Upcoming Events

SCP Events

IC Distinguished Lecture Series with Guest Speaker Noah Smith

Abstract

Neural language models with billions of parameters and trained on trillions of words are powering the fastest-growing computing applications in history and generating discussion and debate around the world. Yet most scientists cannot study or improve those state-of-the-art models because the organizations deploying them keep their data and machine learning processes secret. I believe that the path to models that are usable by all, at low cost, customizable for areas of critical need like the sciences, and whose capabilities and limitations are made transparent and understandable, is radically open development, with academic and not-for-profit researchers empowered to do reproducible science. Projects like Falcon, Llama, MPT, and Pythia provide glimmers of hope. In this talk, I’ll share the story of the work our team is doing to radically open up the science of language modeling. As of April 2024, we’ve released Dolma, a three-trillion-token open dataset curated for training language models, and used it to pretrain OLMo v1, also publicly released. We’ve also built and released Tülu, a series of open instruction-tuned models. All of these come with open-source code and extensive documentation, including new tools for evaluation. Together these artifacts make it possible to explore new scientific questions and democratize control of the future of this fascinating and important technology.
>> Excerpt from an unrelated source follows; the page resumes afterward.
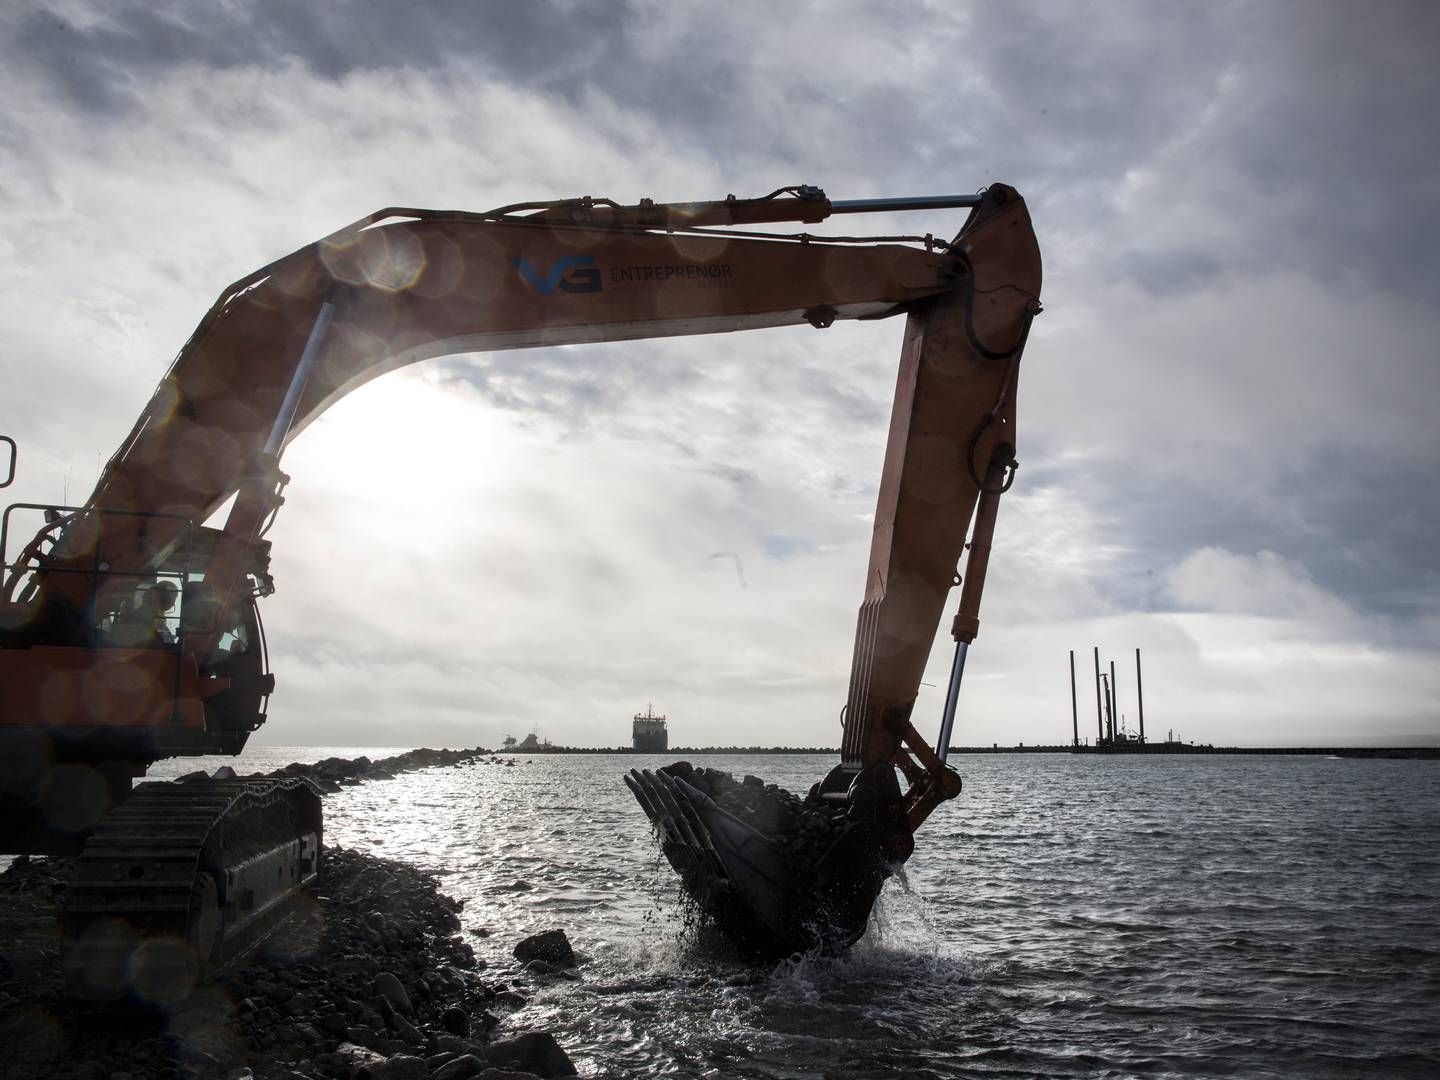 De økonomiske problemer i Frederikshavn Havn hænger sammen med en omfattende udvidelse af havnen, der blev besluttet i 2010 | Foto: Nørskov Benjamin/Jyllands-Posten/Ritzau Scanpix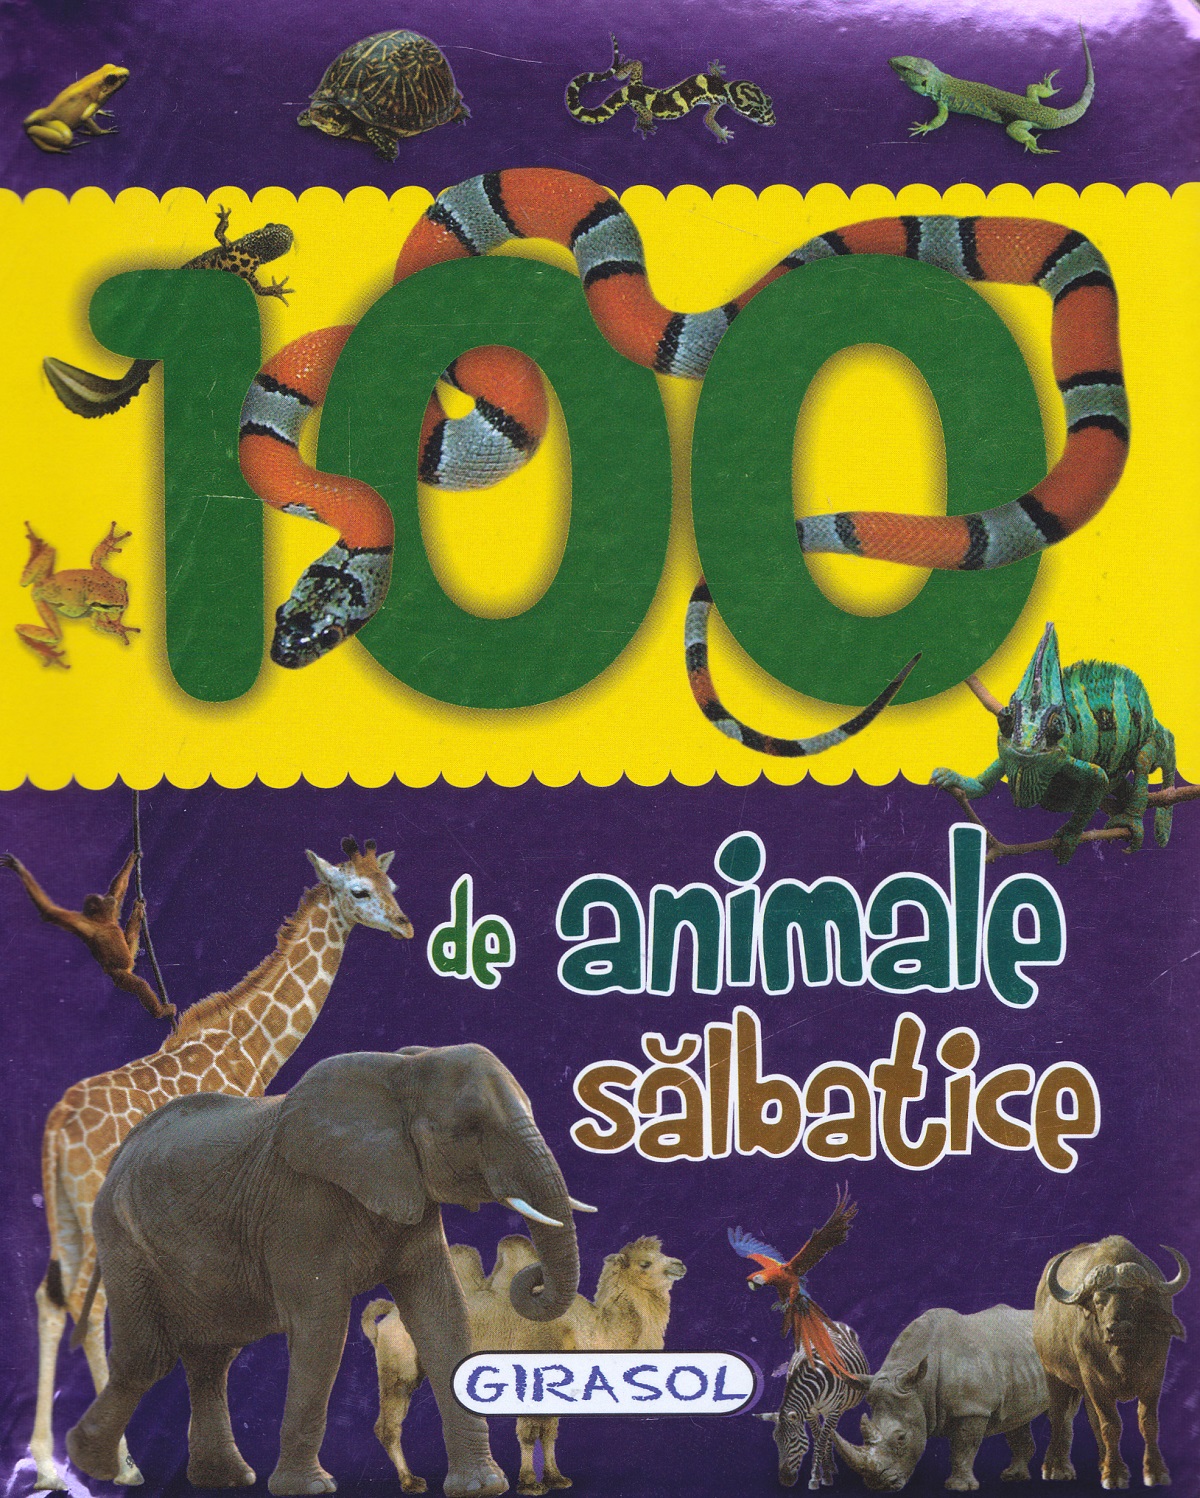 100 de animale salbatice

The work I’ll present was carried out primarily by a large team at the Allen Institute for Artificial Intelligence in Seattle, with collaboration from the Paul G. Allen School at the University of Washington and various kinds of support and coordination from many organizations, including the Kempner Institute for the Study of Natural and Artificial Intelligence at Harvard University, AMD, CSC - IT Center for Science (Finland), Databricks, and Together.ai.